Já existem indícios disso agora. Estamos a assistir a um aumento inesperado na produtividade do trabalho na economia dos EUA, pelo menos parte do qual parece estar relacionado com a nascente adopção da IA. Se a IA tornar o trabalho mais produtivo, a procura de trabalho humano provavelmente aumentará em vez de diminuir. Talvez não sejamos capazes de dizer exactamente o que isto significa, mas a suposição de que a tecnologia que poupa mão-de-obra destrói a procura de mão-de-obra é não nasceu pela história.

Indo para o holandês

Em 20 de março de 1602, os Estados Gerais da República Holandesa fundaram a Vereenigde Oostindische Compagnie, conhecida por nós, falantes de inglês, como a Companhia Holandesa das Índias Orientais. Este foi um ato de nacionalismo econômico. O estadista Johan van Oldenbarnevelt impulsionou a consolidação das duas principais empresas comerciais cuja fusão criou a empresa, alertando que a desunião deixaria a Espanha e a nova Companhia Inglesa das Índias Orientais dominarem.

A Companhia Holandesa das Índias Orientais obteve um monopólio de 21 anos no comércio a leste do Cabo da Boa Esperançacomeçando com 6,4 milhões de florins em capital. Foi a primeira multinacional de capital aberto do mundo – uma verdadeira sociedade anônima. Qualquer cidadão holandês poderia comprar ações negociadas livremente na emergente Bolsa de Valores de Amsterdã. A governação ocorreu através de um conselho de 17 diretores, equilibrado entre as províncias.

Uma fotografia do primeiro e mais antigo certificado de ações conhecido no mundo, emitido em Enkhuizen, na Holanda, em 9 de setembro de 1606, pela antiga Companhia Holandesa das Índias Orientais (Verenigde Oostindische Compagnie ou VOC). (Michel Porro/Imagens Getty)

Seus poderes eram surpreendentes. A carta permitiu travar guerra, assinar tratados, construir fortes, exércitos de campo e cunhar moedas. O Estado holandês terceirizou a construção do império a uma empresa privada. No seu auge, em 1670, a Companhia Holandesa das Índias Orientais era a empresa mais rica do planeta, empregando cerca de 50 mil pessoas e monopolizando o lucrativo comércio de especiarias. Entregou dividendos médios anuais de cerca de 18% durante quase dois séculos.
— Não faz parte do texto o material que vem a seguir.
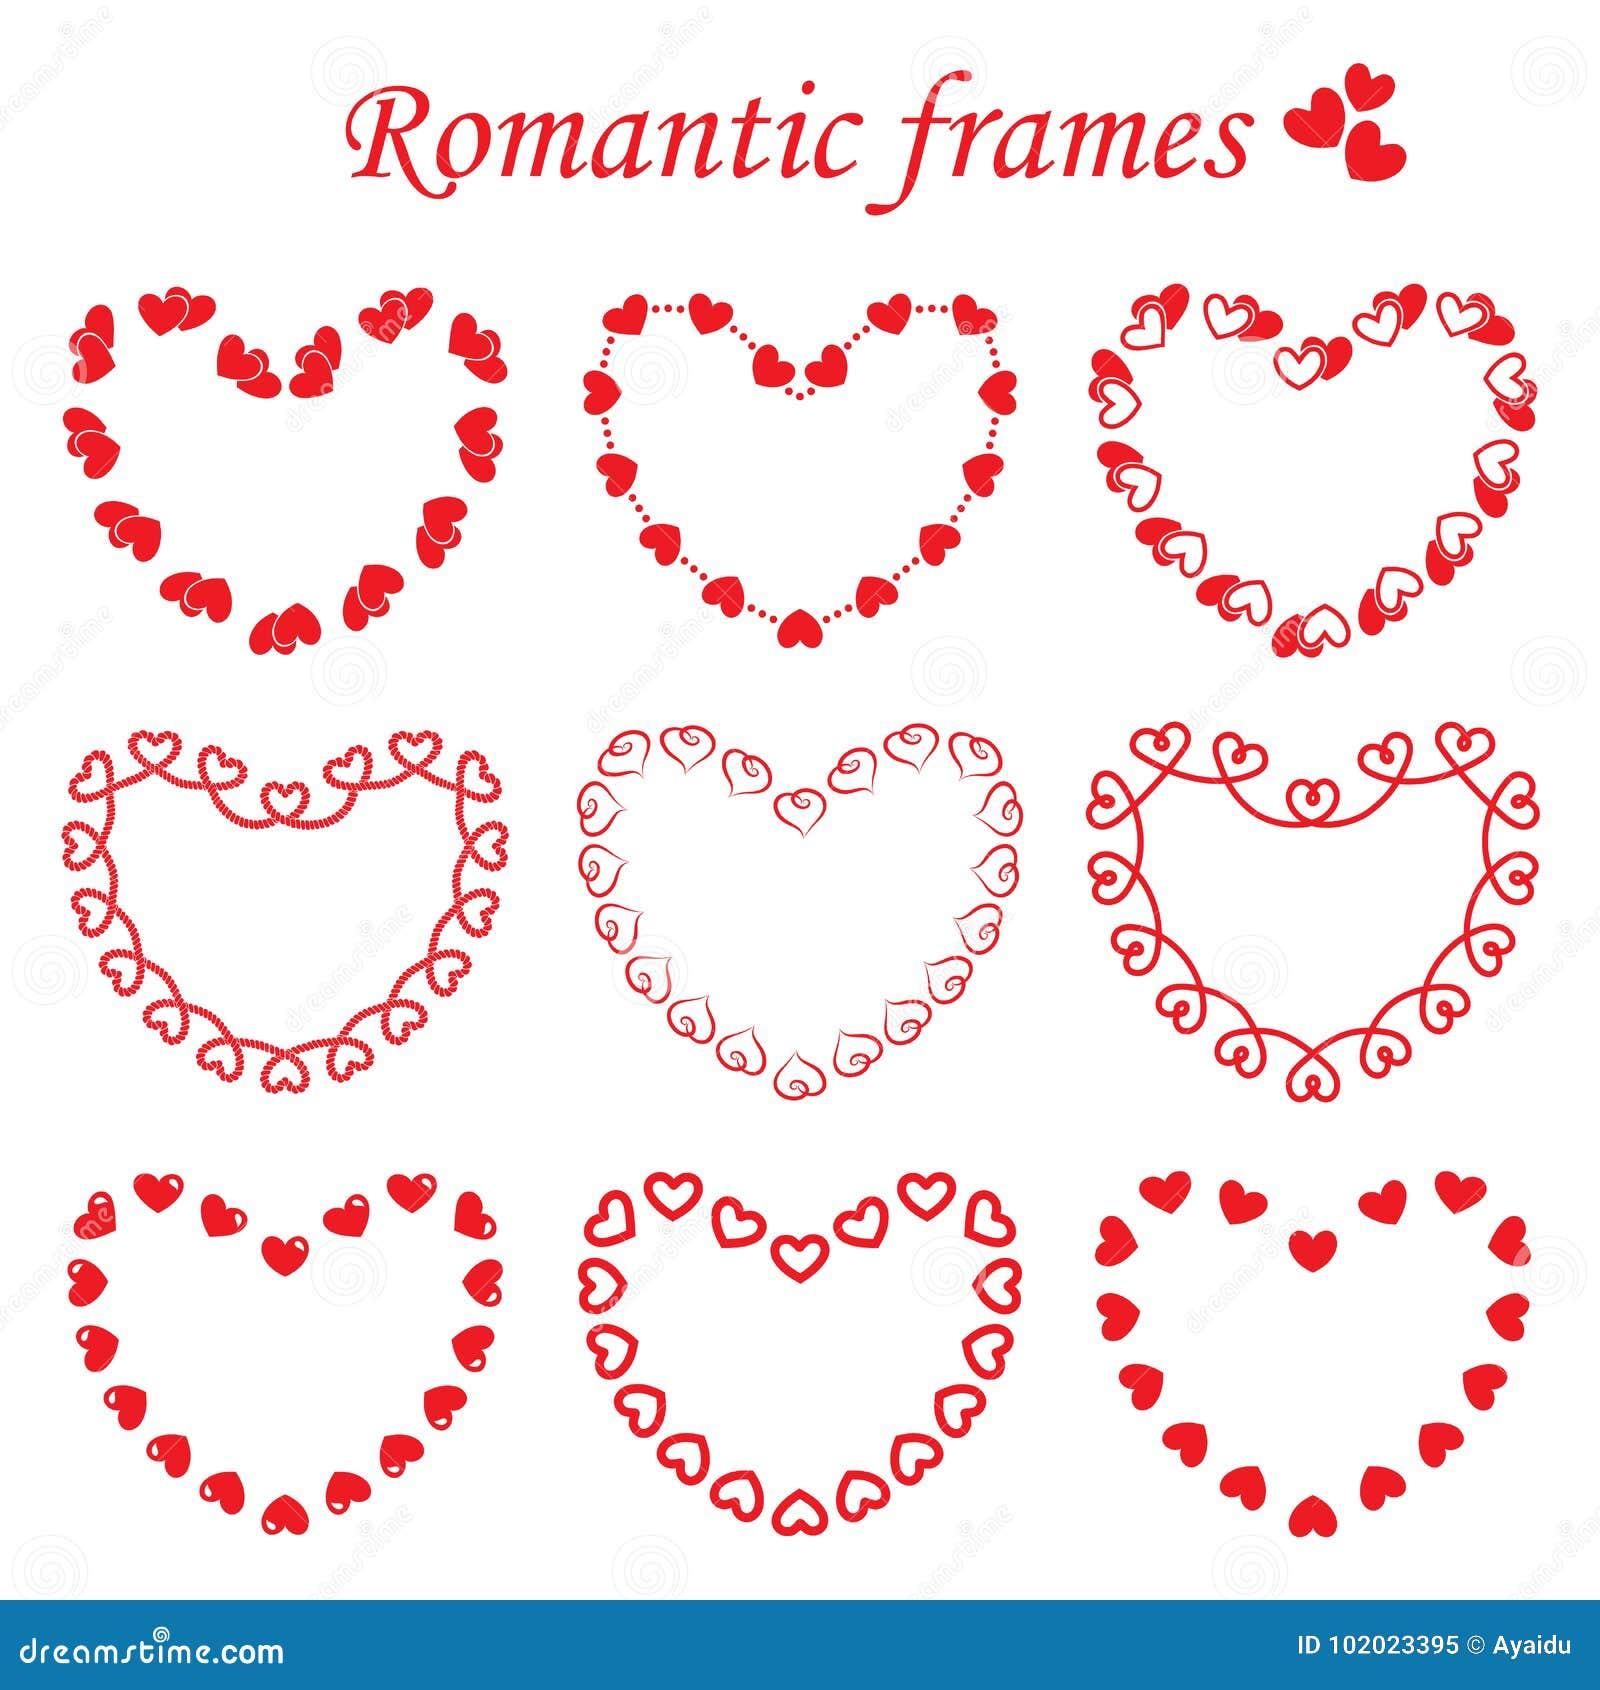 ad16f5cf43 Vector Set Of Romantic Frames Stock Vector - Illustration of ...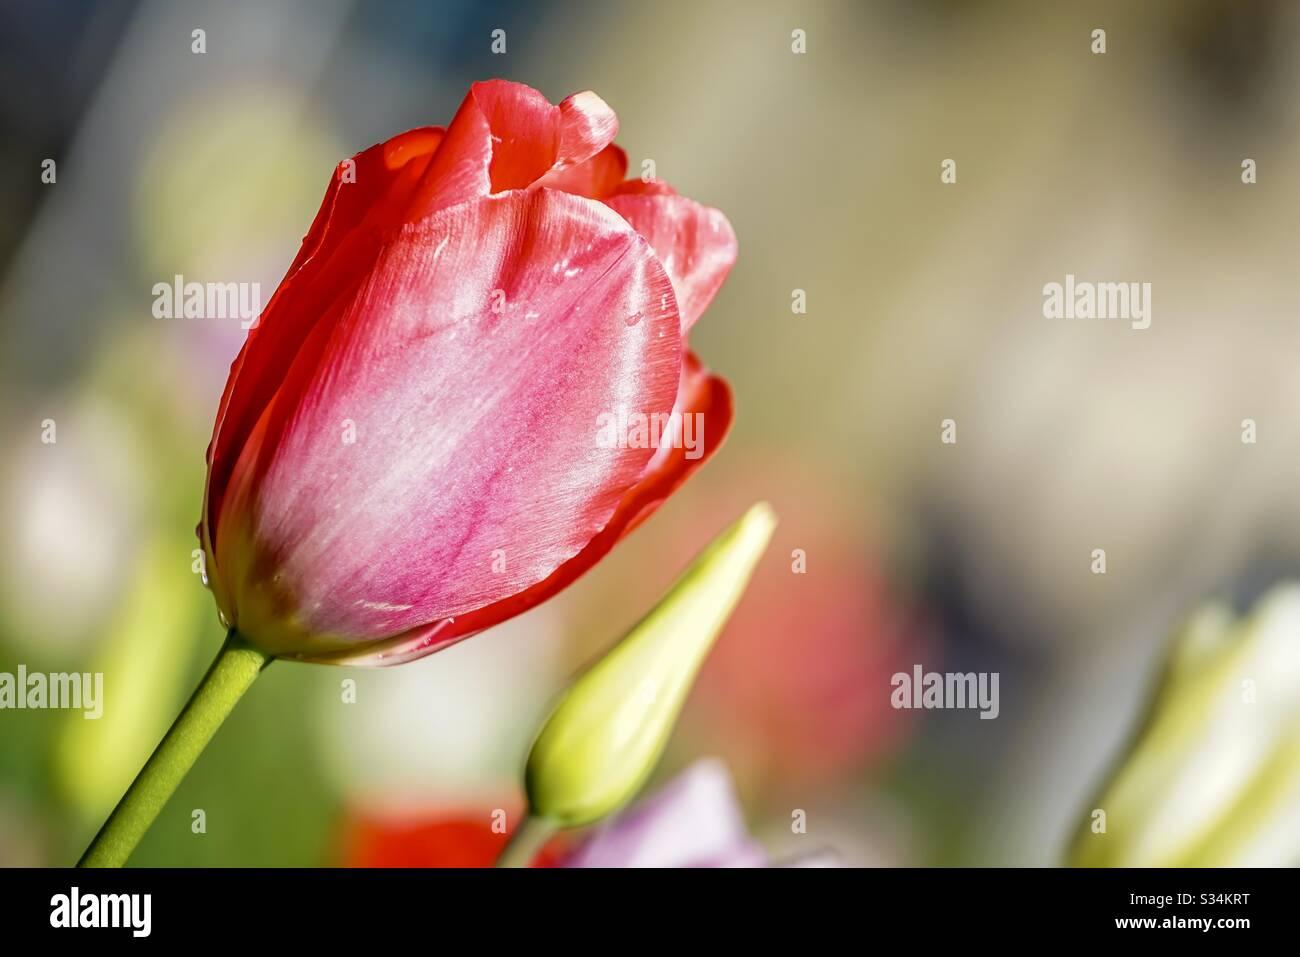 Tulipán rojo con gotas de agua Foto de stock

Mas a arrogância e a má gestão foram apanhadas, como irritantemente tendem a acontecer ao longo da história. O contrabando, a corrupção, o aumento dos custos e a teimosia distribuição de dividendos num contexto de queda dos lucros acumularam dívidas. Na década de 1790, a Companhia Holandesa das Índias Orientais estava insolvente.